Ratusan mahasiswa yang tergabung dalam Pergerakan Mahasiswa Islam Indonesia (PMII) perwakilan cabang se-Jawa Timur mengikuti Study Politik Kerakyatan yang digelar Pengurus Koordinator Cabang (PKC) PMII Jawa Timur bekerja sama dengan Pengurus Cabang PMII Probolinggo, Selasa hingga Sabtu (21-25/3) di Kompleks Perkantoran Diklat Kabupaten Probolinggo.

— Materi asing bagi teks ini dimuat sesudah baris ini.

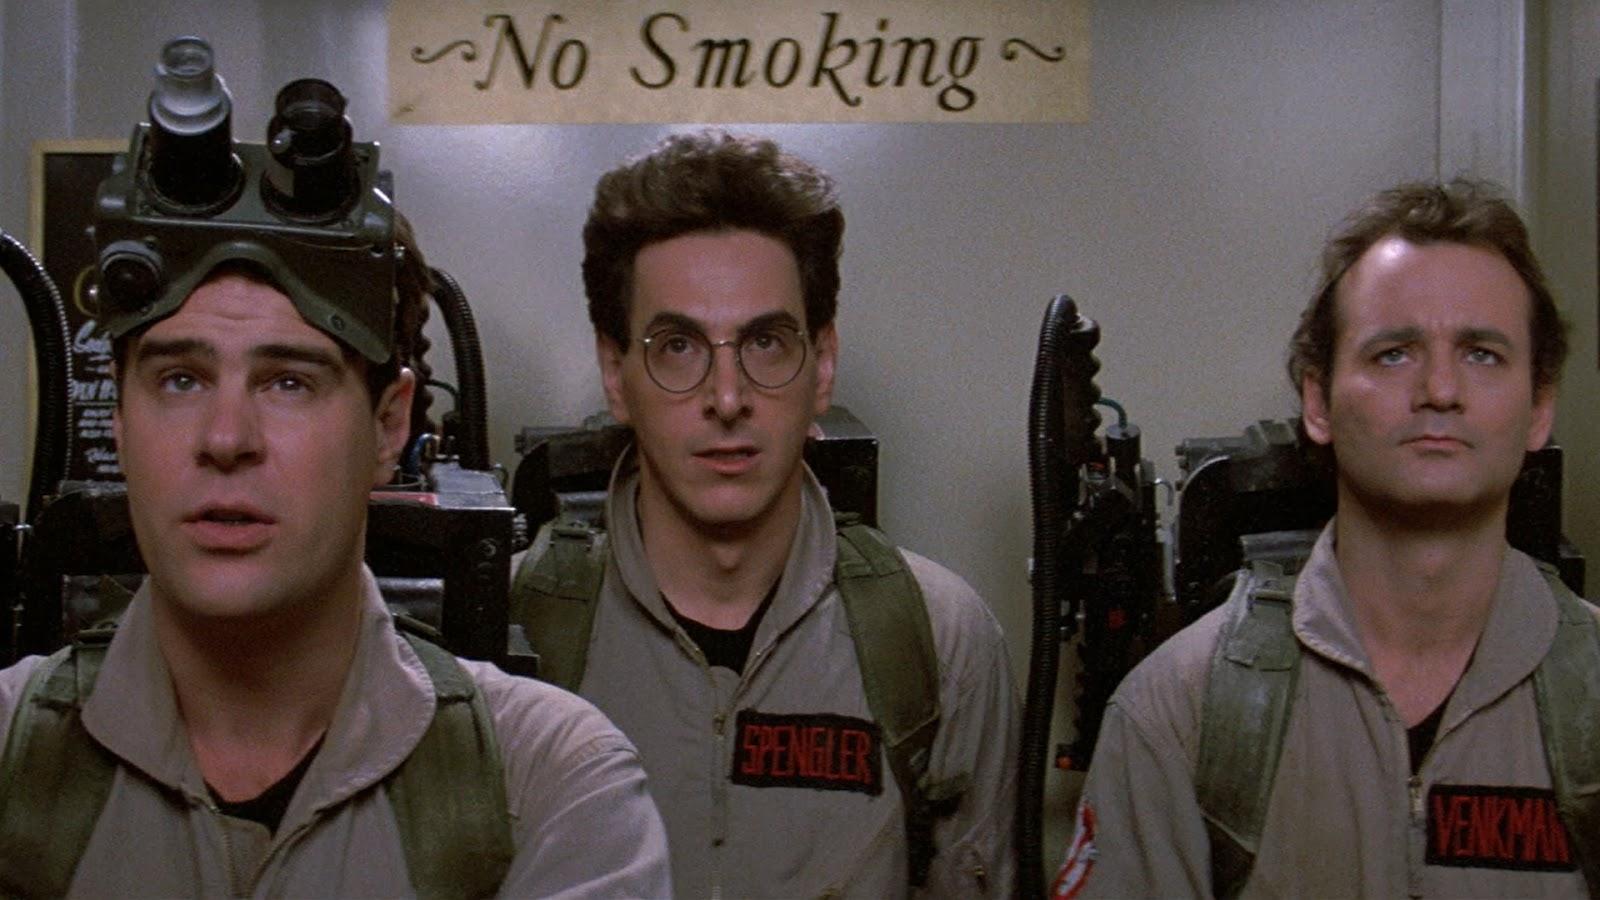 Ghostbusters Props and Memorabilia Are Up For Auction Through March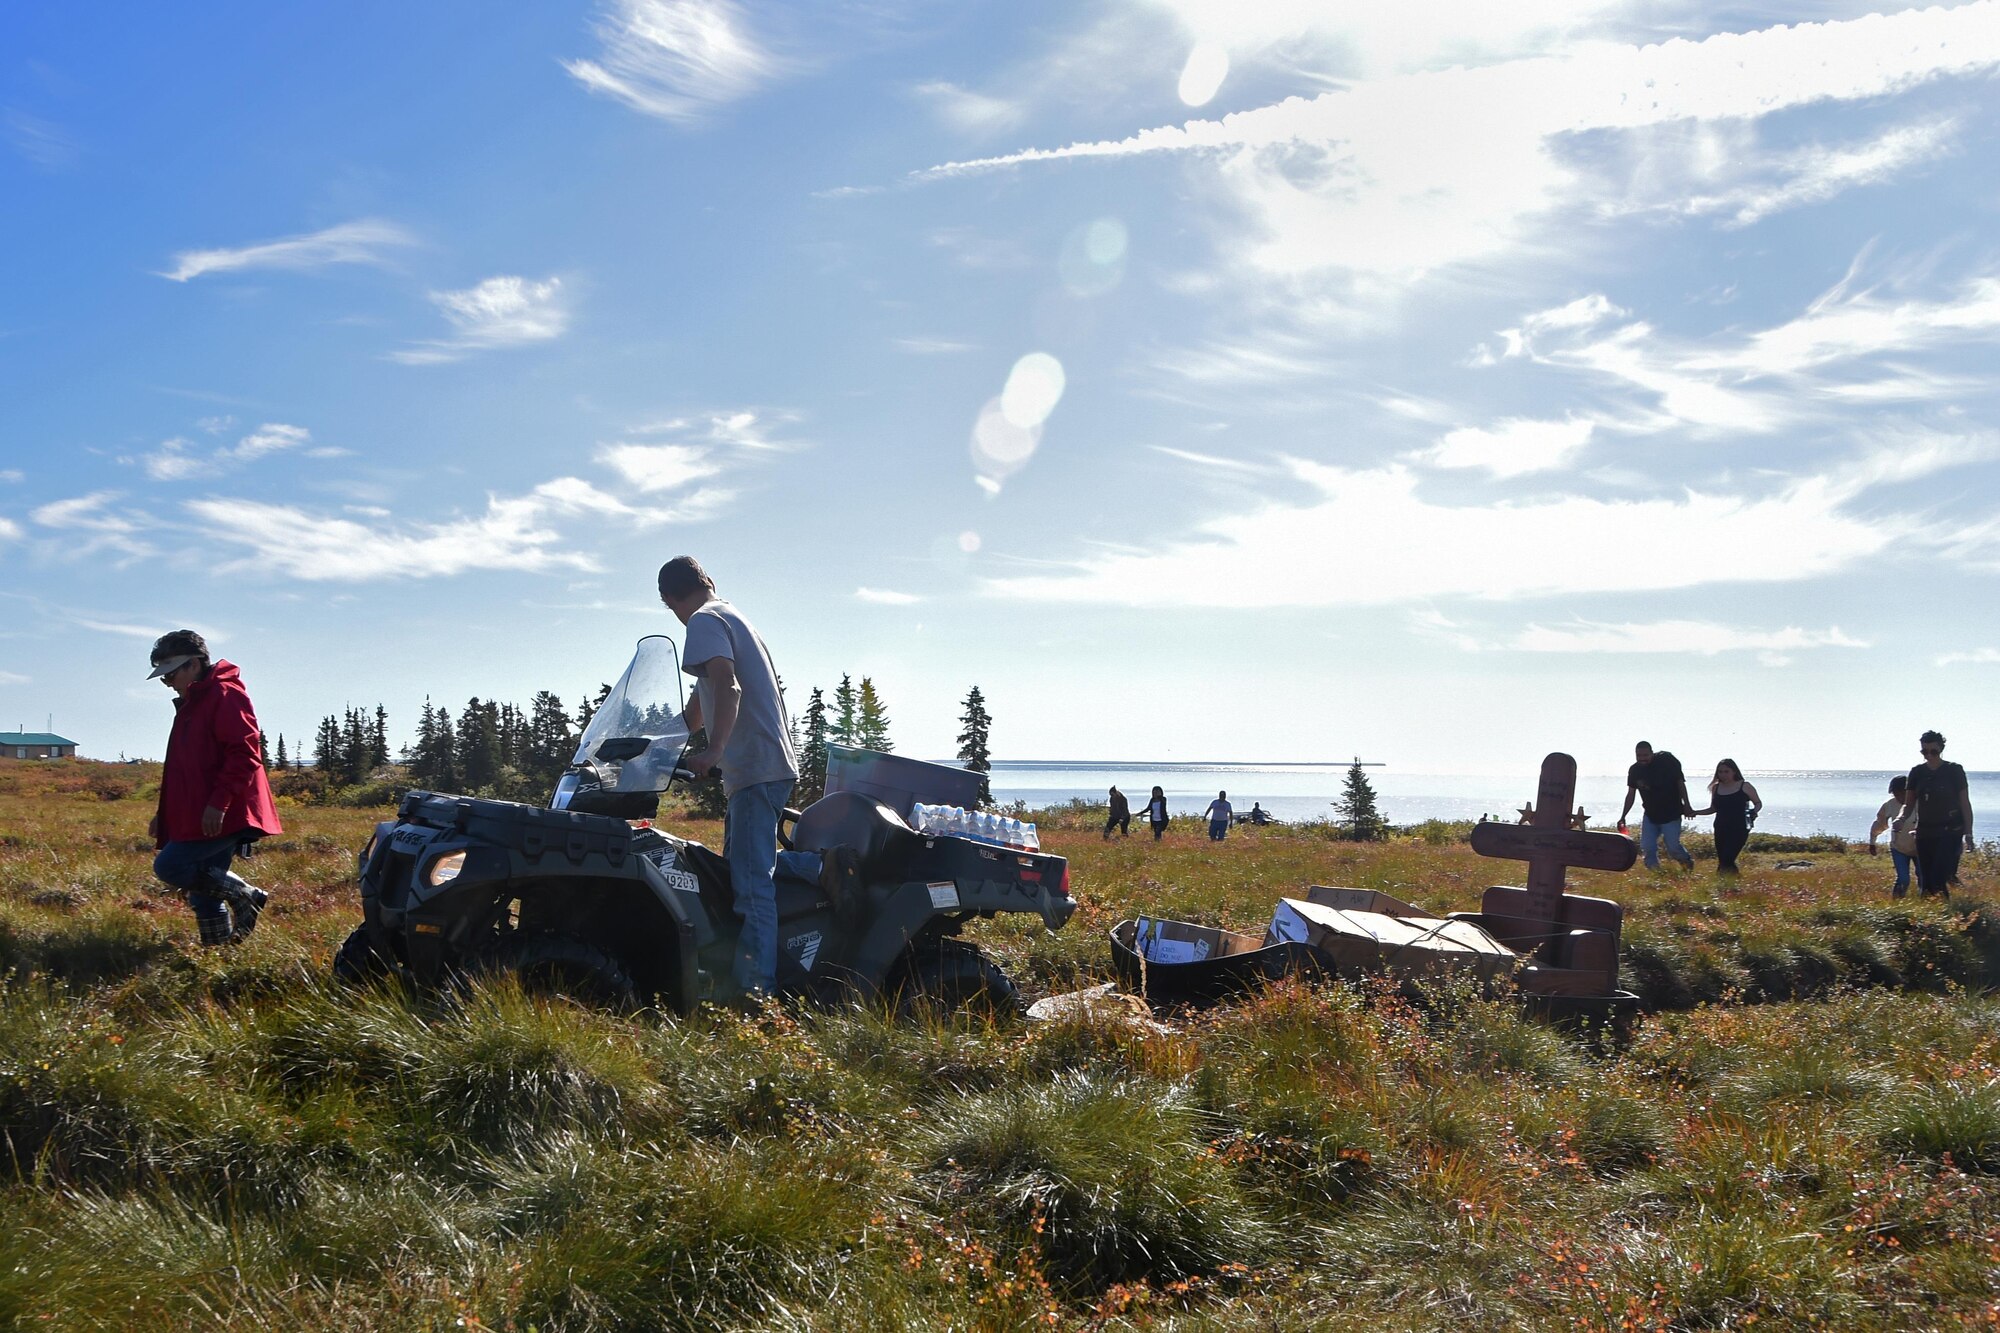 The grave marker of former Alaska Adjutant General Maj. Gen. John Schaeffer Jr, is transported by all-terrain vehicle at Ivik, Alaska, Aug. 31, 2016. Schaeffer enlisted in the Alaska National Guard in 1957, and served for 34 years.  Schaeffer was the first Alaska Native two-star general of the Alaska National Guard and commissioner of the Alaska Department of Military and Veterans Affairs. He is survived by Mary his wife of 56 years. (U.S. Air Force photo by Airman 1st Class Javier Alvarez)

Kegiatan yang mengambil tema Urgensi Politik Kelas di Bawah Krisis Ekonomi Dunia ini dibuka oleh Ketua Ikatan Keluarga Alumni (IKA) PMII Probolinggo Badrus Zaman, Selasa (21/3). Pembukaan ini dihadiri oleh Ketua Umum PKC PMII Jawa Timur Zainuddin, Ketua GP Ansor Kabupaten Probolinggo Muchlis, Ketua Umum PMII Probolinggo Ahmad Hasan, pengurus KNPI Kabupaten Probolinggo dan sejumlah perwakilan perangkat daerah di Kabupaten Probolinggo.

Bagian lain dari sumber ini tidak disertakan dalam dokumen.